Source: Mousaion 28, pp 128 –148 (2010)More Less
There are several trust building models in consumer-supply environments, but e-government being a recent innovation has no such well defined model at this point in time. Such trust building model for e-government is needed to demystify the e-government concept and help effective adoption and use of e-government services by citizens and other stakeholders. This paper is situated in developing countries' context with evolving democracies and a history of bad governance characterised by authoritarian rule, lack of accountability and rule of law, limited transparency and little respect for human rights. The objectives of the paper are four-fold: first to demystify e-government concept; secondly to review trust building models from a cross disciplinary perspective; thirdly, to assess attempts being made by some jurisdictions to build citizens trust in e-government and shortcomings of such attempts; and finally, to propose an integrated model for building trust of citizens in e-government.

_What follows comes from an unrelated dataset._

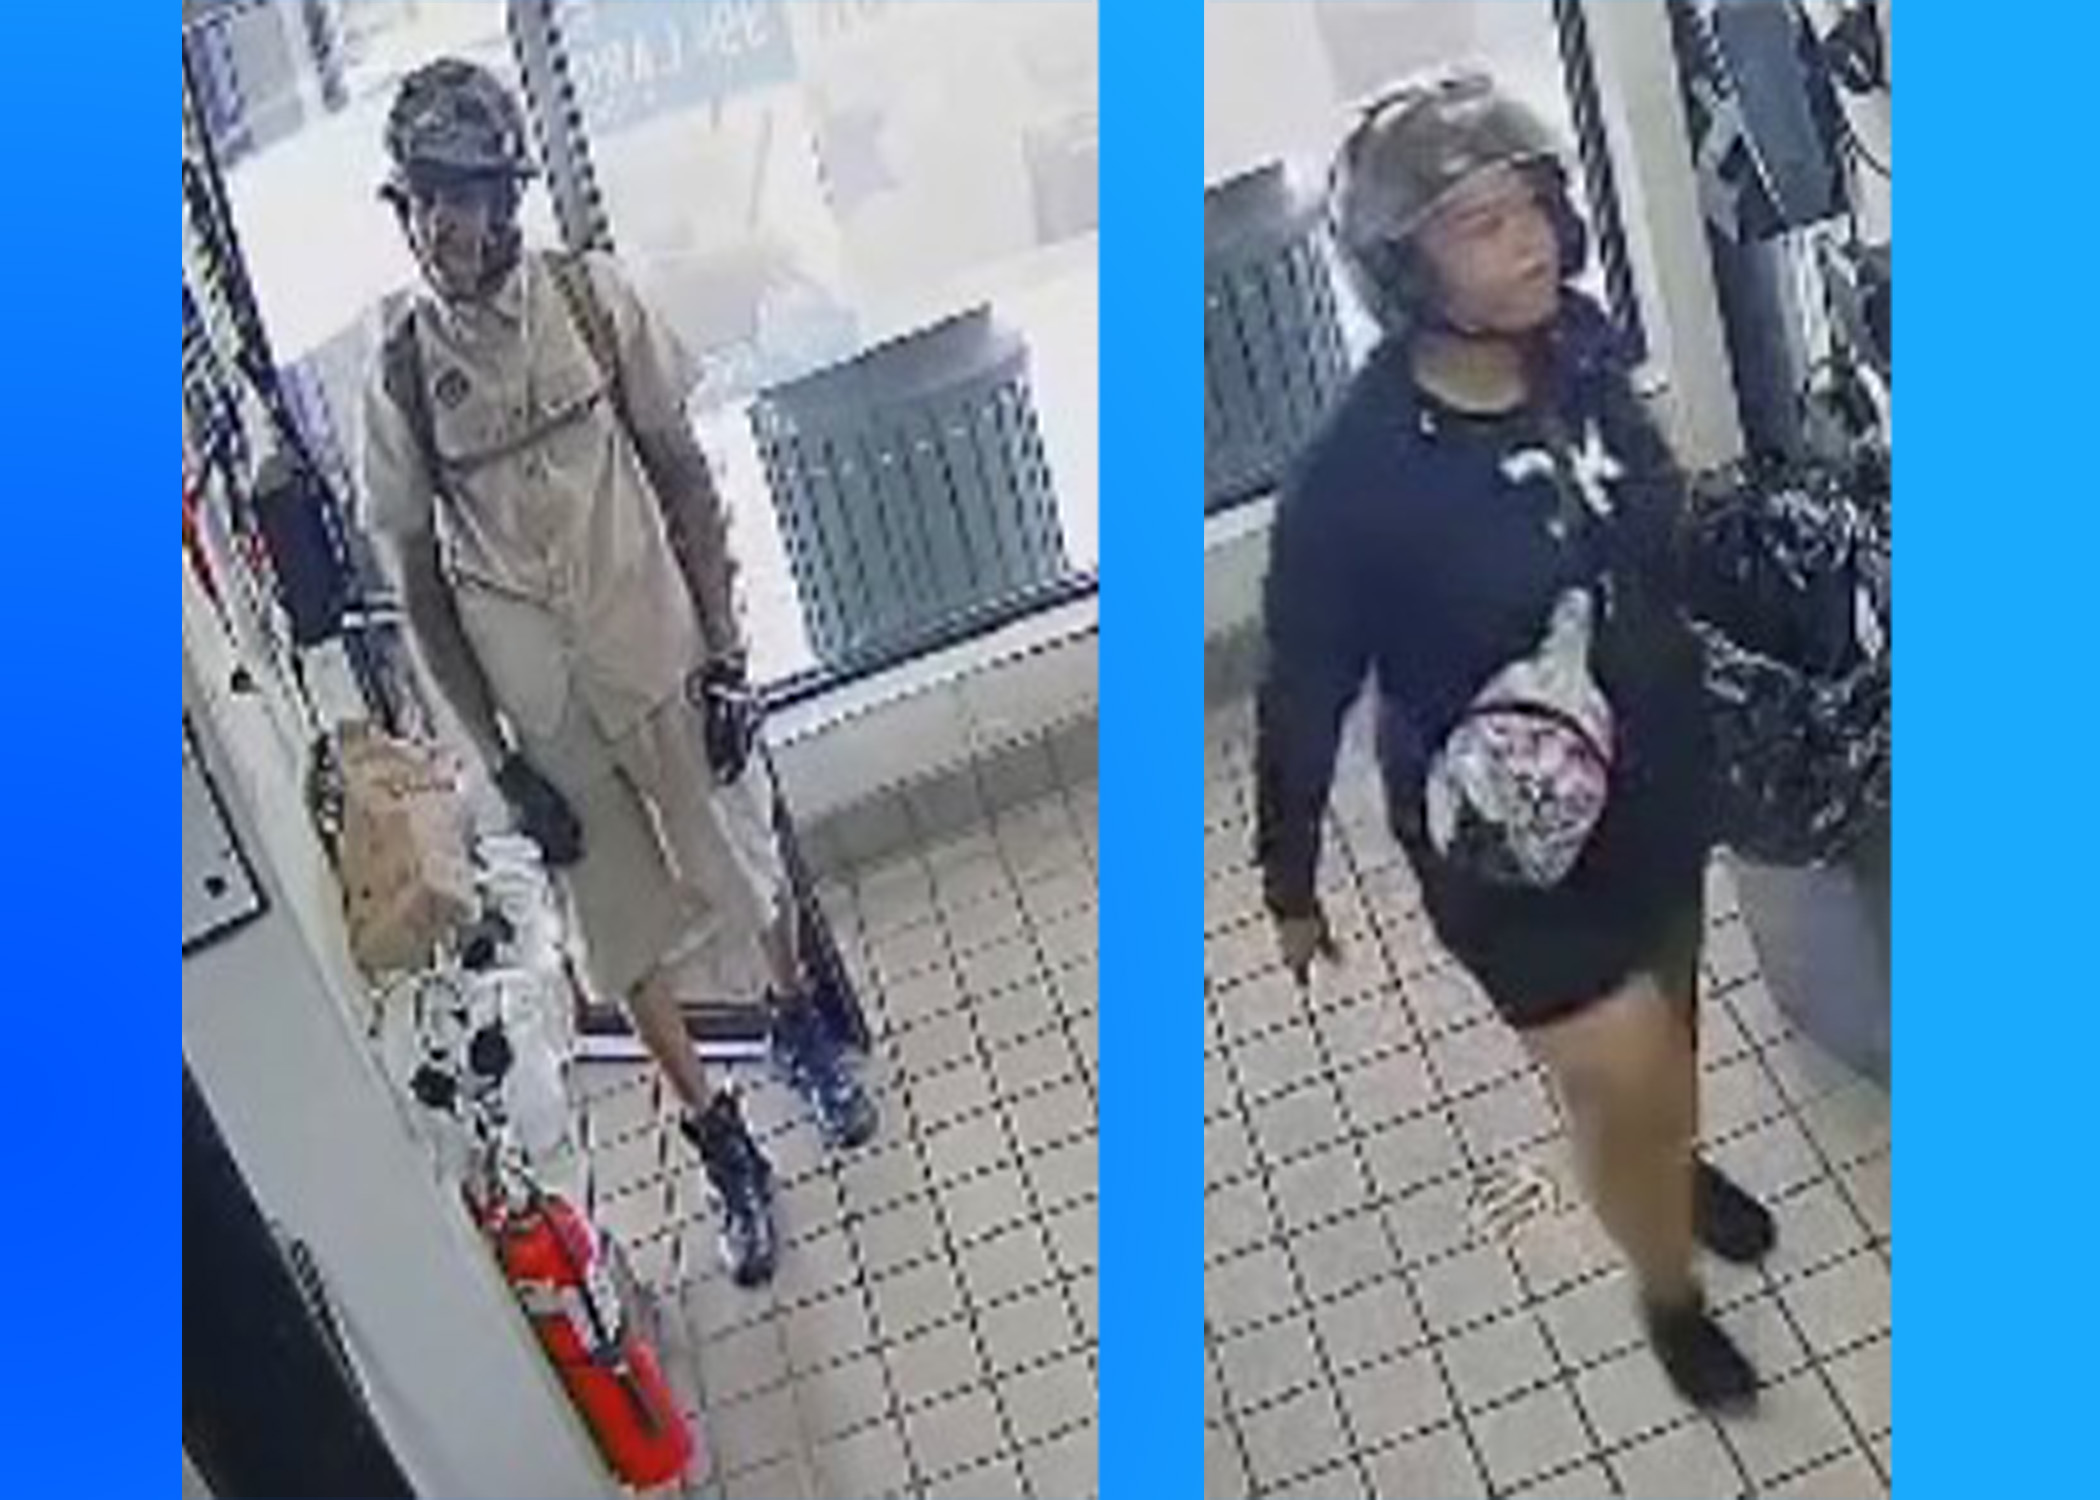 Two suspects sought in robbery investigation in Birmingham

E-government is a complex field which, for the most part, remains unexplored. Besides, e-government, presents a new approach to improving service delivery to citizens with minimal contact with the service provider, except through technology. E-government is composed of various kinds of interactions, such as Business to Business (B2B), Citizens to Government (C2G), Government to Government (G2G), and Business to Government (B2G), which raise a number of ethical issues such as, system acceptability; usability of a system; system's security; interactivity; interoperability; data protection; intellectual property rights; freedom of information; universal access; privacy; confidentiality; accountability; transparency; respect for human rights, multilingualism; user satisfaction; quality of the service; system availability; transversality of processes and data to mention a few. These issues have implications for citizens' trust in e-government. Models are important tools for understanding or studying a complex problem or phenomena such as e-government. We propose an integrated model for building citizens' trust in e-government. Our proposed model is considered to be a work in progress and we invite further research to test it. It is hoped that this model would help to develop e-government environments that are trustworthy and useable by citizens. It is not meant to be one-size-fits all, but generic model that would be tailor-made for each type of e-government interaction.